Re: [PATCH v10 10/28] x86/fpu/xstate: Update the XSTATE save function to support dynamic states

From: Bae, Chang Seok
Date: Sat Oct 02 2021 - 18:55:36 EST


On Oct 2, 2021, at 14:31, Thomas Gleixner <tglx@xxxxxxxxxxxxx> wrote:
> On Fri, Oct 01 2021 at 17:41, Thomas Gleixner wrote:
>> On Wed, Aug 25 2021 at 08:53, Chang S. Bae wrote:
>>> diff --git a/arch/x86/kvm/x86.c b/arch/x86/kvm/x86.c
>>> index 74dde635df40..7c46747f6865 100644
>>> --- a/arch/x86/kvm/x86.c
>>> +++ b/arch/x86/kvm/x86.c
>>> @@ -9899,11 +9899,16 @@ static void kvm_save_current_fpu(struct fpu *fpu)
>>> * KVM does not support dynamic user states yet. Assume the buffer
>>> * always has the minimum size.
>
> I have to come back to this because that assumption is just broken.
>
> create_vcpu()
> vcpu->user_fpu = alloc_default_fpu_size();
> vcpu->guest_fpu = alloc_default_fpu_size();
>
> vcpu_task()
> get_amx_permission()
> use_amx()
> #NM
> alloc_larger_state()
> ...
> kvm_arch_vcpu_ioctl_run()
> kvm_arch_vcpu_ioctl_run()
> kvm_load_guest_fpu()
> kvm_save_current_fpu(vcpu->arch.user_fpu);
> save_fpregs_to_fpstate(fpu); <- Out of bounds write
>
> Adding a comment that KVM does not yet support dynamic user states does
> not cut it, really.
>
> Even if the above is unlikely, it is possible and has to be handled
> correctly at the point where AMX support is enabled in the kernel
> independent of guest support.

I see.

> You have two options:
>
> 1) Always allocate the large buffer size which is required to
> accomodate all possible features.
>
> Trivial, but waste of memory.
>
> 2) Make the allocation dynamic which seems to be trivial to do in
> kvm_load_guest_fpu() at least for vcpu->user_fpu.
>
> The vcpu->guest_fpu handling can probably be postponed to the
> point where AMX is actually exposed to guests, but it's probably
> not the worst idea to think about the implications now.

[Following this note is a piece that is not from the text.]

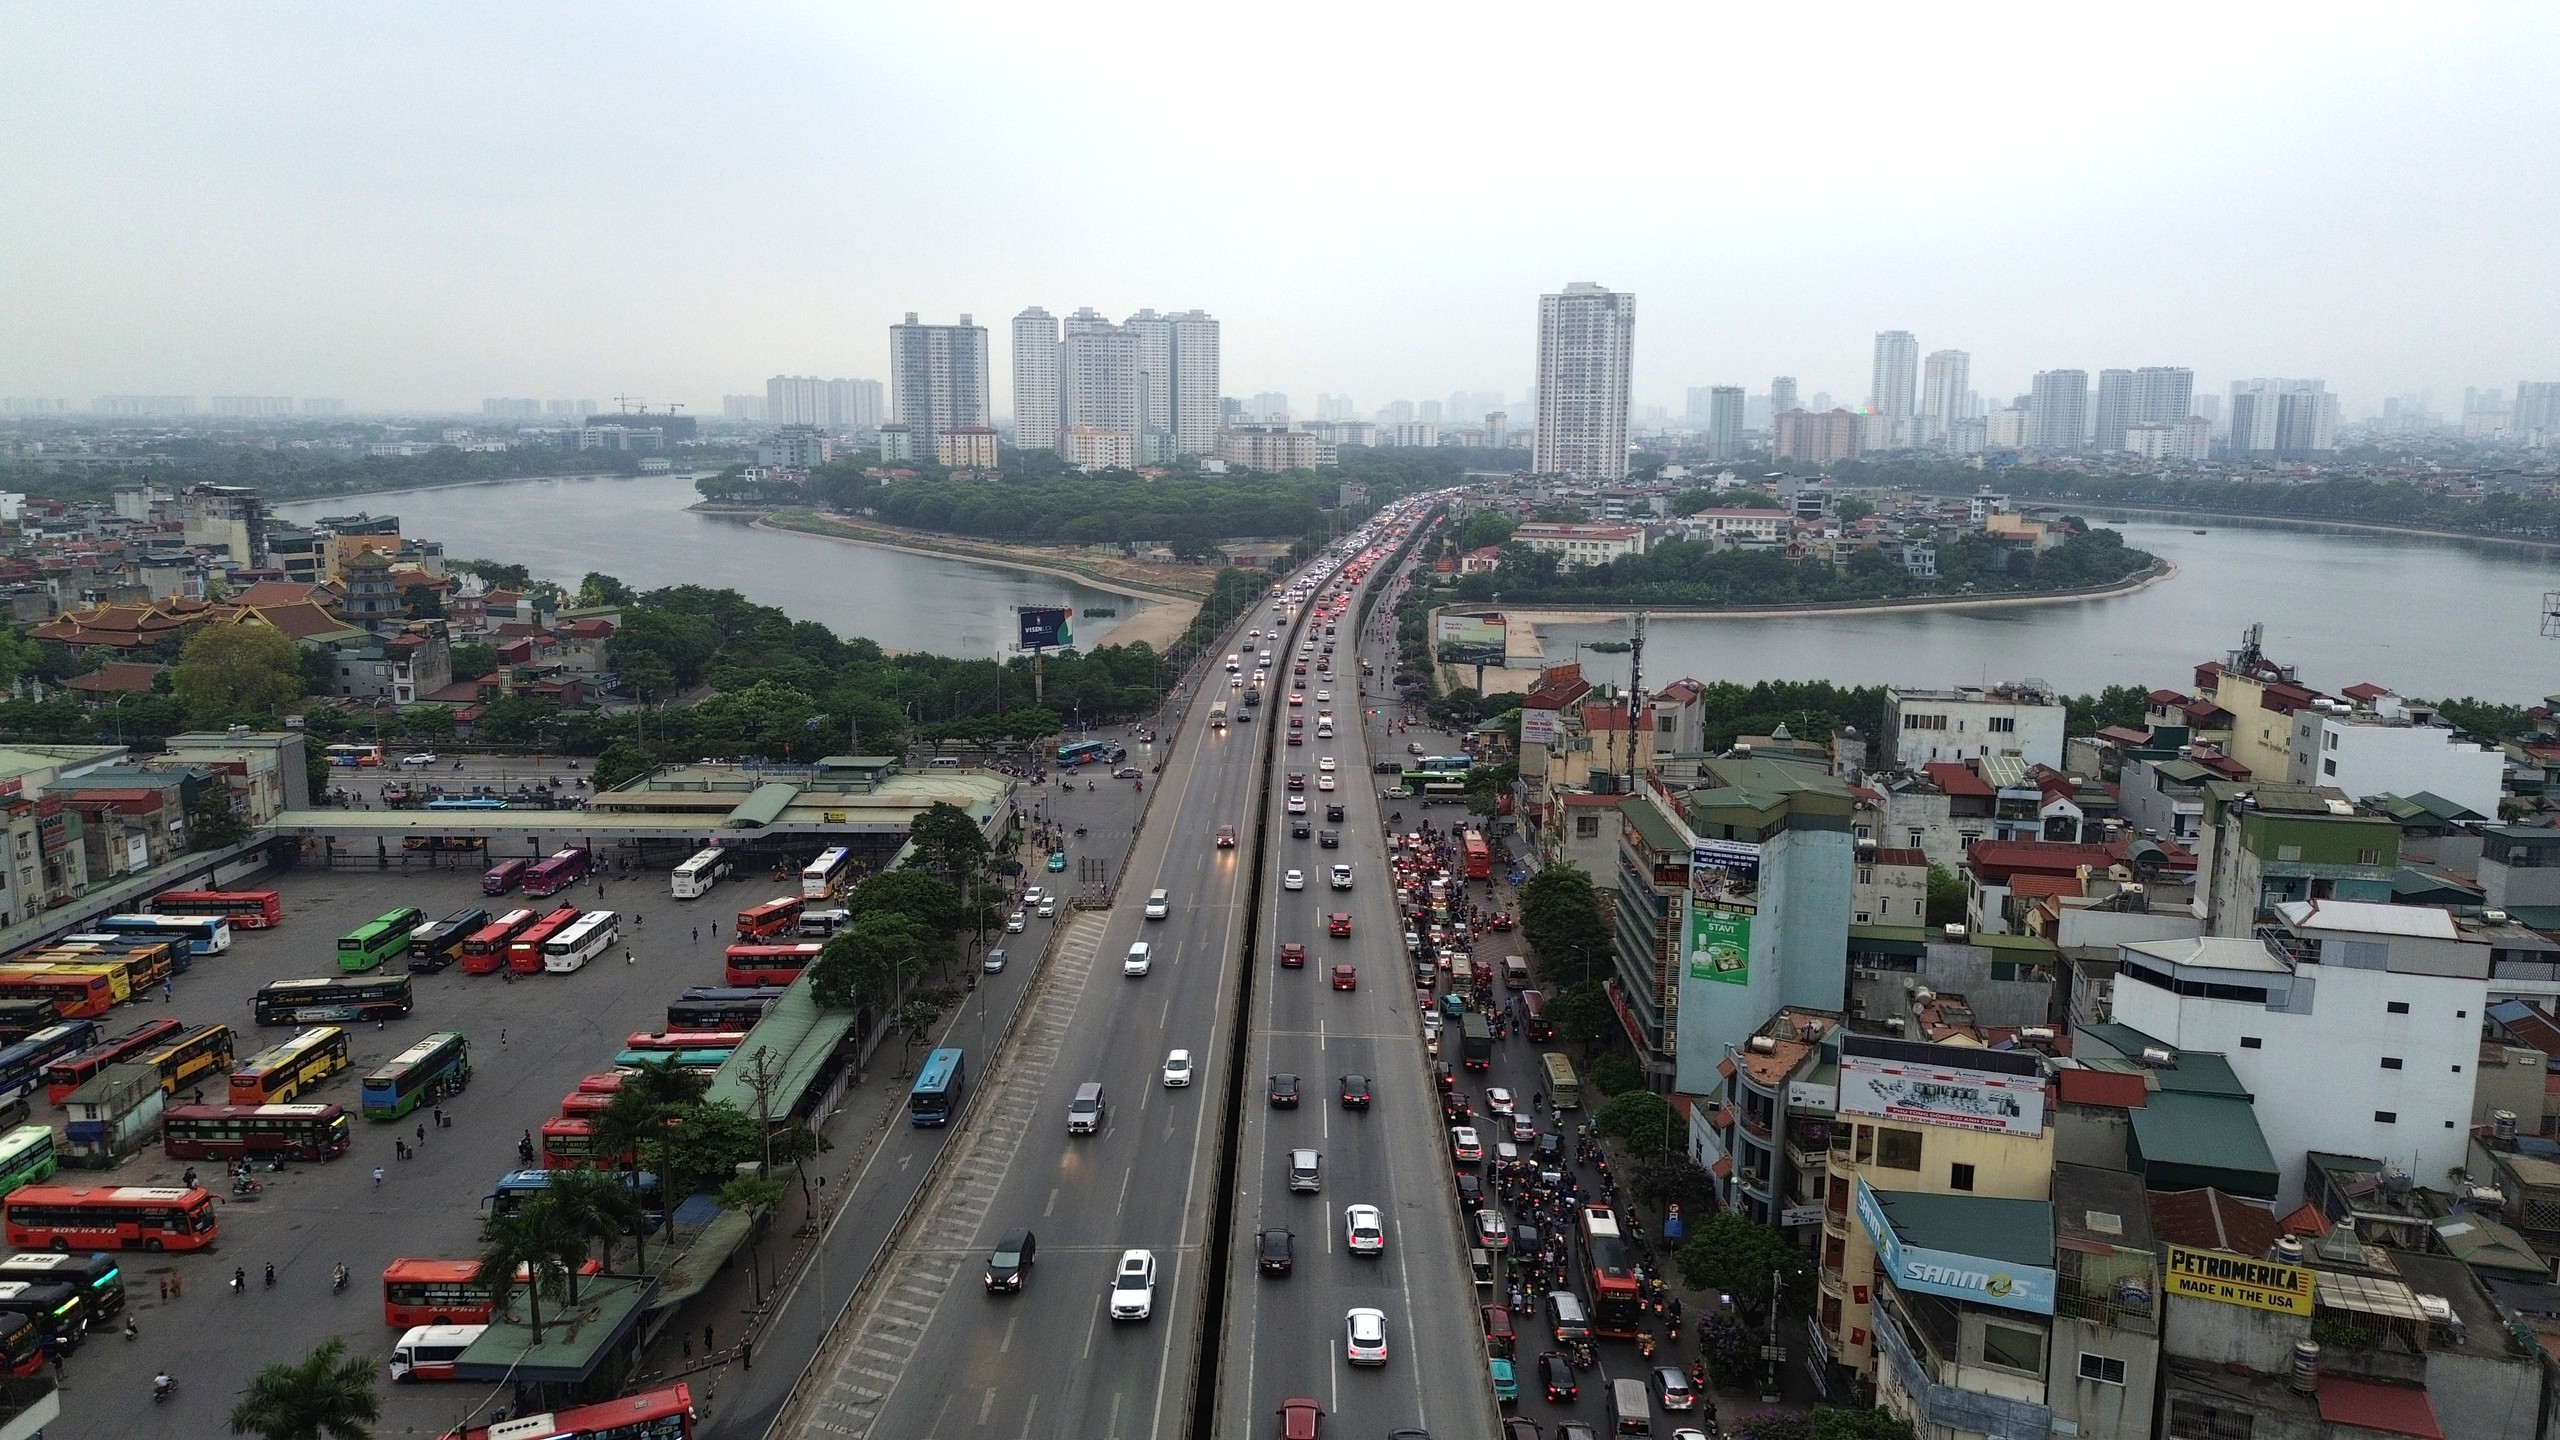 Bất ngờ tình hình giao thông tại Hà Nội vào ngày cuối nghỉ lễ 30/4 - 1/5- Ảnh 3.

FWIW, the proposed KVM patch for AMX looks to take (1) here [1] and
Paolo said [2]:

Most guests will not need the whole xstate feature set. So perhaps you
could set XFD to the host value | the guest value, trap #NM if the
host XFD is zero, and possibly reflect the exception to the guest's XFD
and XFD_ERR.

In addition, loading the guest XFD MSRs should use the MSR autoload
feature (add_atomic_switch_msr).

And then I guess discussion goes on..

Thanks,
Chang

[1] https://lore.kernel.org/kvm/20210207154256.52850-4-jing2.liu@xxxxxxxxxxxxxxx/
[2] https://lore.kernel.org/kvm/ae5b0195-b04f-8eef-9e0d-2a46c761d2d5@xxxxxxxxxx/